In a context where the situation in the West Bank and East Jerusalem remains worrying, I reiterate France’s commitment to respect for freedom of expression and the protection of journalists. We also call on the Israeli authorities to reconsider their decision to revoke the residence permit of the Director of Human Rights Watch for Israel and Palestine following the confirmation by the Israeli Supreme Court of that decision.
In conclusion, I would like to recall France’s unwavering support for the two-State solution. At a time when the prospect of such a solution is being questioned, it is more necessary than ever to recall that only a solution based on the internationally agreed parameters will make it possible to meet the aspirations of Israelis and Palestinians and to bring lasting peace to the region. It must allow the establishment of a
Palestinian State living in peace and security alongside Israel, within secure and internationally recognized borders drawn on the basis of the 1967 borders, with Jerusalem as the capital of the two States. Any peace plan that deviates from the internationally agreed parameters would be doomed to failure. As France is a friend of both Israel and the Palestinians, it stands ready to encourage them to resume dialogue on that basis.

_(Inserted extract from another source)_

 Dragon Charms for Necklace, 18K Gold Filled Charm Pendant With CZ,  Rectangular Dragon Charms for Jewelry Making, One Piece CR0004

Pending a lasting peace that provides a just, realistic and sustainable solution to the issue of Palestinian refugees, the role of the United Nations Relief and Works Agency for Palestine Refugees in the Near East will remain crucial. At the General Assembly, a very large majority of Member States called for the renewal of its mandate for three years, which France welcomes. We will remain vigilant as to the Agency’s ability to implement its mandate and to continue its operations, in particular in East Jerusalem.

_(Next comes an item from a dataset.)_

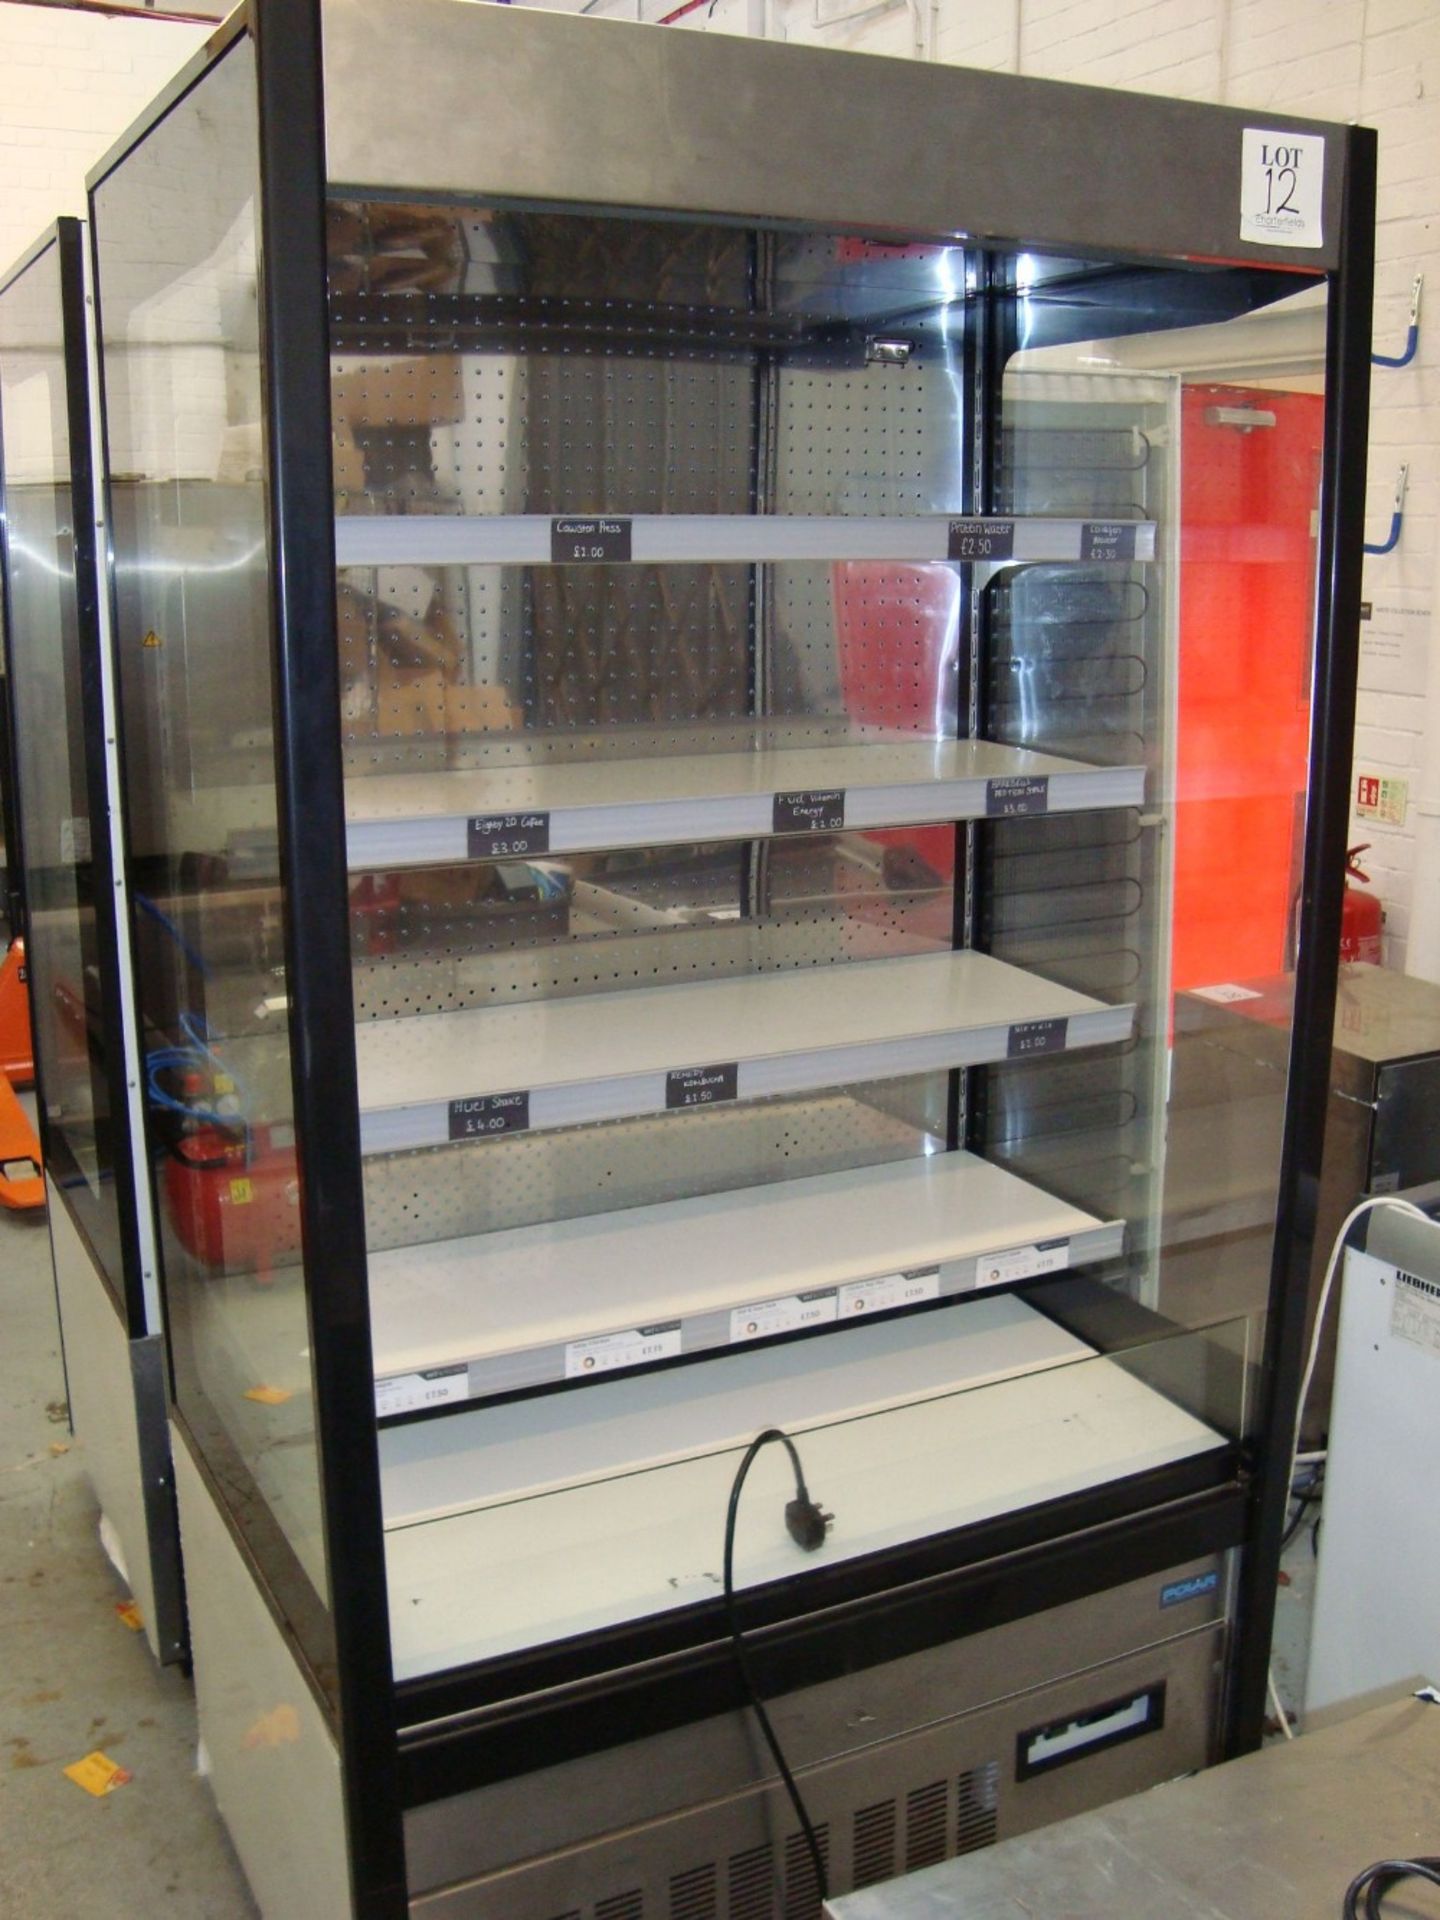 A Polar GH268 chilled display shelving unit Serial No. 6266618

Together with our European partners, we will continue to monitor the situation closely and to advocate for an order based on international law. It is also the responsibility of the Council to ensure compliance with international law and the parameters agreed by the international community. France will ensure that.
We welcome the convening of this meeting. We thank Mr. Mladenov and Ms. Hary for their detailed briefings.
Peru is following with deep concern the developments in the situation in Palestine. We regret the ongoing hostile dynamics and the unacceptable and unsustainable stalemate in the peace process. We are particularly alarmed by the new escalation in Gaza and its impact in terms of fatalities and injuries. Peru condemns the indiscriminate attacks by Hamas and other extremist groups against Israeli territory as well as Israel’s disproportionate responses against the Palestinian people.
In such circumstances, we urge the parties directly involved to cease, investigate and punish all violations of human rights and international humanitarian law, all terrorist acts and all attacks against civilians. We must move towards specific steps in that direction.
We also regret the relentless expansion of settlements in the occupied West Bank, including East Jerusalem, and the development of legislation that seeks to give them a legal status. That settlement policy is closely linked to the increase in demolitions
and evictions as well as to the rise in violent incidents against Israeli settlers, who are seen as perpetrators in some cases and victims in others.
We note with concern that unilateral statements on such illegal practices may further undermine the territorial integrity of the Palestinian State and the increasingly remote prospects of achieving a two-State solution. Such practices must stop in line with the relevant Council resolutions, including resolution 2334 (2016), which are binding.
To that end, we emphasize the urgent need to end the blockade of the Gaza Strip. That involves the prior restoration of control over the area by the Palestinian Authority and providing Israel with the necessary guarantees for its security. We also believe it important to align humanitarian assistance with development plans that offer hope and opportunities to young people.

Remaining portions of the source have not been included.